Global climate change is one of the most daunting ethical and political challenges confronting humanity in the twenty-first century. The intergenerational and transnational ethical issues raised by climate change have been the focus of a significant body of scholarship. In this new collection of essays, leading scholars engage and respond to first-generation scholarship and argue for new ways of thinking about our ethical obligations to present and future generations. Topics addressed in these essays include moral accountability for energy consumption and emissions, egalitarian and libertarian perspectives on mitigation, justice in relation to cap and trade schemes, the ethics of adaptation and the ethical dimensions of the impact of climate change on nature.
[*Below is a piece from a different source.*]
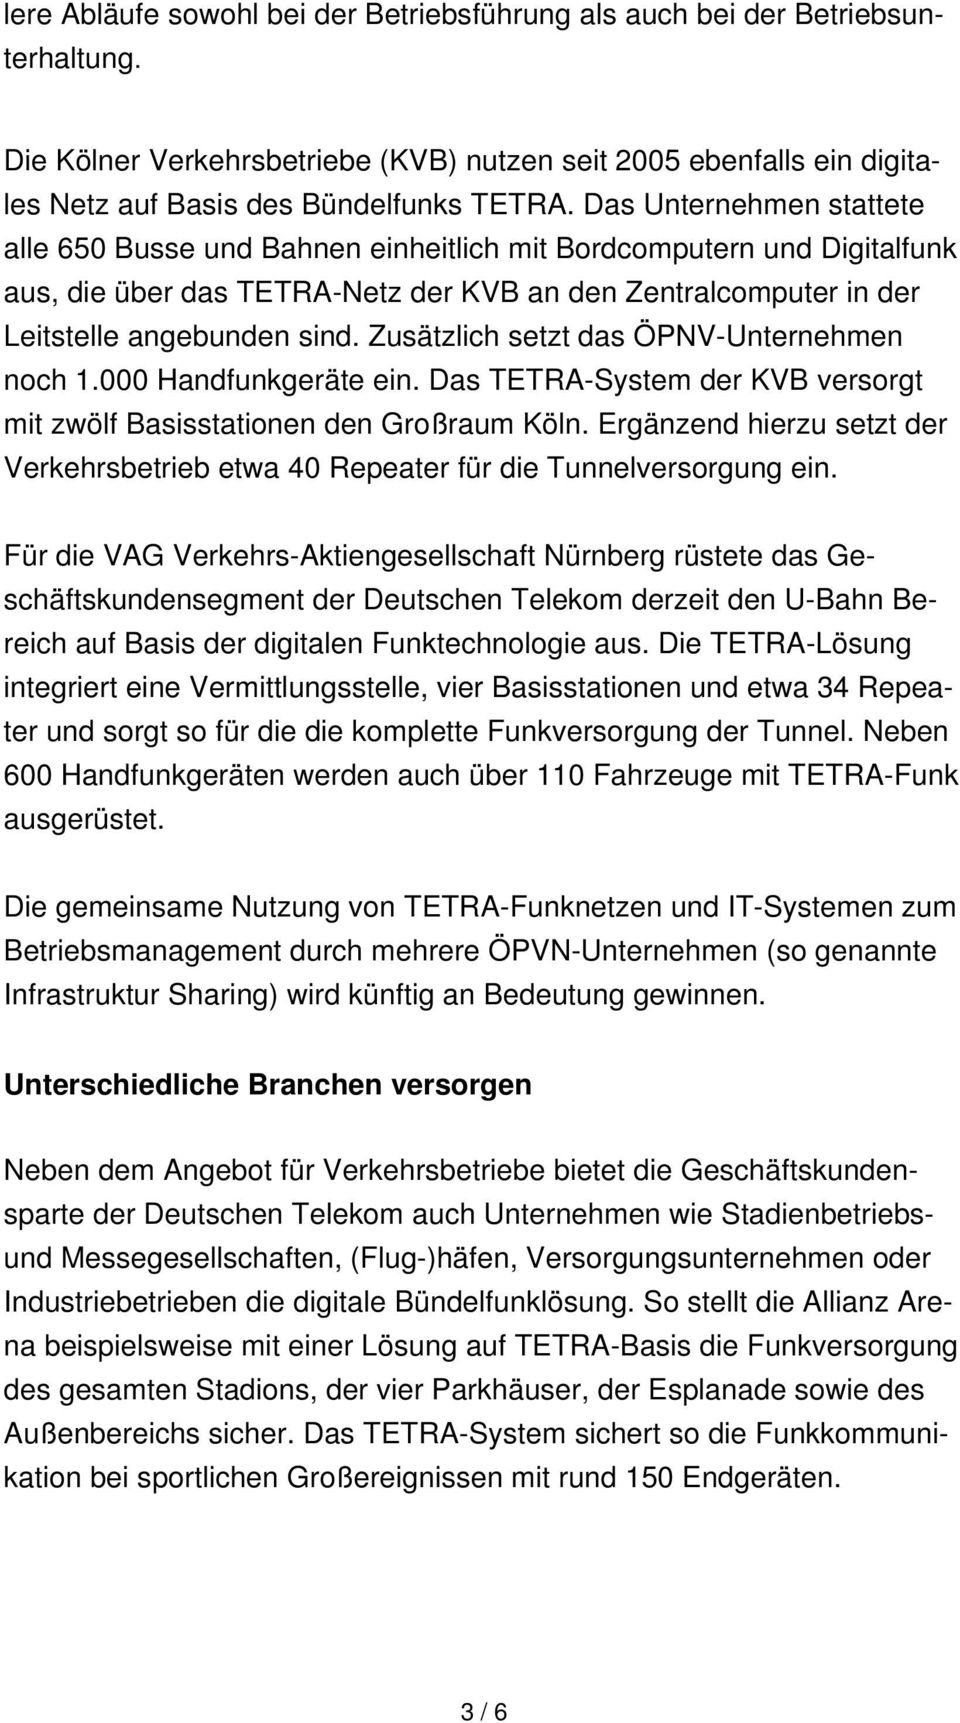 Zusätzlich setzt das ÖPNV-Unternehmen noch 1.000 Handfunkgeräte ein. Das TETRA-System der KVB versorgt mit zwölf Basisstationen den Großraum Köln.

Ethics of the Global Environment

Ethics of the Global Environment
Author: Robin Attfield
Publisher: Edinburgh University Press
Total Pages: 288
Release: 2015-02-12
Genre: Philosophy
ISBN: 0748654860

Download Ethics of the Global Environment Book in PDF, ePub and Kindle

This fully updated and expanded textbook looks at issues including climate change, sustainable development and biodiversity preservation, and sensitively addresses global developments such as the Summits at Durban on climate and at Nagoya on biodiversity.


Reason in a Dark Time

Reason in a Dark Time
Author: Dale Jamieson
Publisher: Oxford University Press
Total Pages: 289
Release: 2014-02-28
Genre: Philosophy
ISBN: 0199337675

Download Reason in a Dark Time Book in PDF, ePub and Kindle

From the 1992 Rio Earth Summit to the 2009 Copenhagen Climate Conference there was a concerted international effort to stop climate change. Yet greenhouse gas emissions increased, atmospheric concentrations grew, and global warming became an observable fact of life. In this book, philosopher Dale Jamieson explains what climate change is, why we have failed to stop it, and why it still matters what we do. Centered in philosophy, the volume also treats the scientific, historical, economic, and political dimensions of climate change. Our failure to prevent or even to respond significantly to climate change, Jamieson argues, reflects the impoverishment of our systems of practical reason, the paralysis of our politics, and the limits of our cognitive and affective capacities. The climate change that is underway is remaking the world in such a way that familiar comforts, places, and ways of life will disappear in years or decades rather than centuries. Climate change also threatens our sense of meaning, since it is difficult to believe that our individual actions matter. The challenges that climate change presents go beyond the resources of common sense morality -- it can be hard to view such everyday acts as driving and flying as presenting moral problems. Yet there is much that we can do to slow climate change, to adapt to it and restore a sense of agency while living meaningful lives in a changing world.


Environmental Ethics

Environmental Ethics
Author: Andrew Kernohan
Publisher: Broadview Press
Total Pages: 368
Release: 2012-08-24
Genre: Philosophy
ISBN: 1770483527

Download Environmental Ethics Book in PDF, ePub and Kindle

This book explains the basic concepts of environmental ethics and applies them to global environmental problems. The author concisely introduces basic moral theories, discusses how these theories can be extended to consider the non-human world, and examines how environmental ethics interacts with modern society’s economic approach to the environment. Online multiple-choice questions encourage the reader’s active learning.